Sie kann sagen: wenn ihr Freiheit und Selbsterhaltung wirklich wollt, und damit wollt, daß Zukunft mehr ist als eine bloße Hoffnung, dann könnt ihr beides nur unter den Bedingungen haben, die auszumachen Philosophie als Sachwalter latenter Vernunft kraft ihrer eigenen Tradition verpflichtet ist und von denen sie selbst eine der wesentlichsten darstellt. Sie kann und muß weiter den konkreten und vielfältigen Formen und Gestalten der Praxis vorausdenken, durch welche die ermittelten Bedingungen möglicher Freiheit verwirklicht werden können. Die Kantsche Bestimmung des Philosophen als eines Lehrers des Ideals wird ihr von neuem ehrwürdig erscheinen, wie die platonische Philosophie, der diese Bestimmung sich verdankt.

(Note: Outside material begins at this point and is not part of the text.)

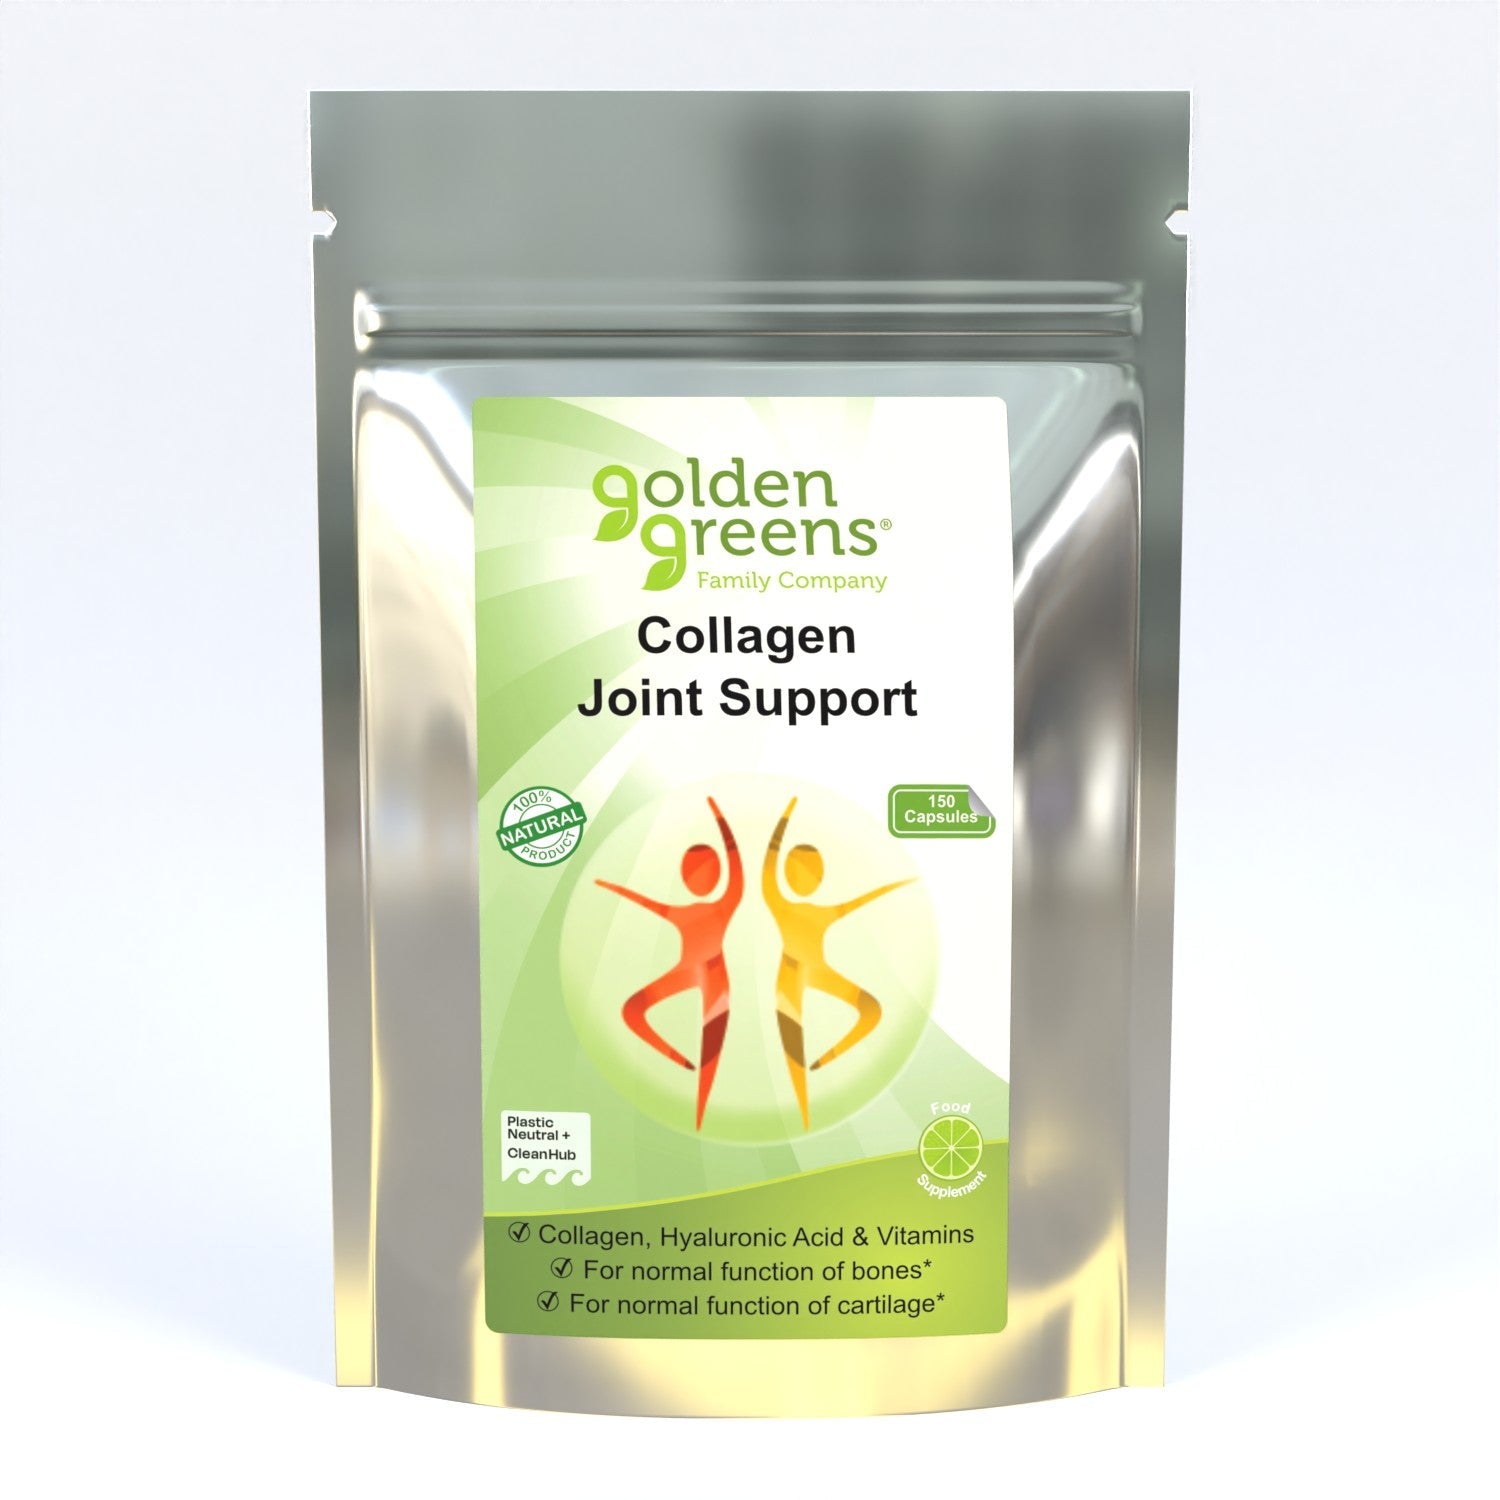 View Collagen Joint Support Capsules High Strength information

Es ist ja nicht zufällig, daß die verschiedensten Formen eines erneuerten Marxismus immer wieder den Zusammenhang mit Kant herzustellen versuchen. Der Rückgang auf Kant bietet sich an, weil der für Kantische Philosophie spezifische Dualismus von Form und Inhalt, von Sein und Sollen der geschichtlichen Situation der gegenwärtigen Theorie des Marxismus entspricht. Aber so wie die nachidealistische Philosophie schon wiederholt den Weg von Kant zu Hegel zurücklegte, so wird sich auch dieses Mal die Produktivität und Aktualität Hegelschen Denkens darin bewähren, daß sich der Versuch seiner Philosophie, die Revolution geschichtlich zu begreifen, für die Gegenwart von neuem als Problem stellt. Die Projektion marxistischer Prämissen in die Auslegung vormarxistischer Geschichte erzeugt nicht nur für die Gegenwart typischen Geschichtsnihilismus, von dem Marx selber noch frei war, sondern er macht auch eine Überwindung der Schranken im gegenwärtigen Denken von Emanzipation vollends unmöglich. Es käme daher darauf an, nachmarxistisch den Marxismus als eine Phase in der geschichtlichen Bewegung versuchter Emanzipation zu denken und nicht als ihre Voraussetzung und auch nicht als ihre Bestimmung.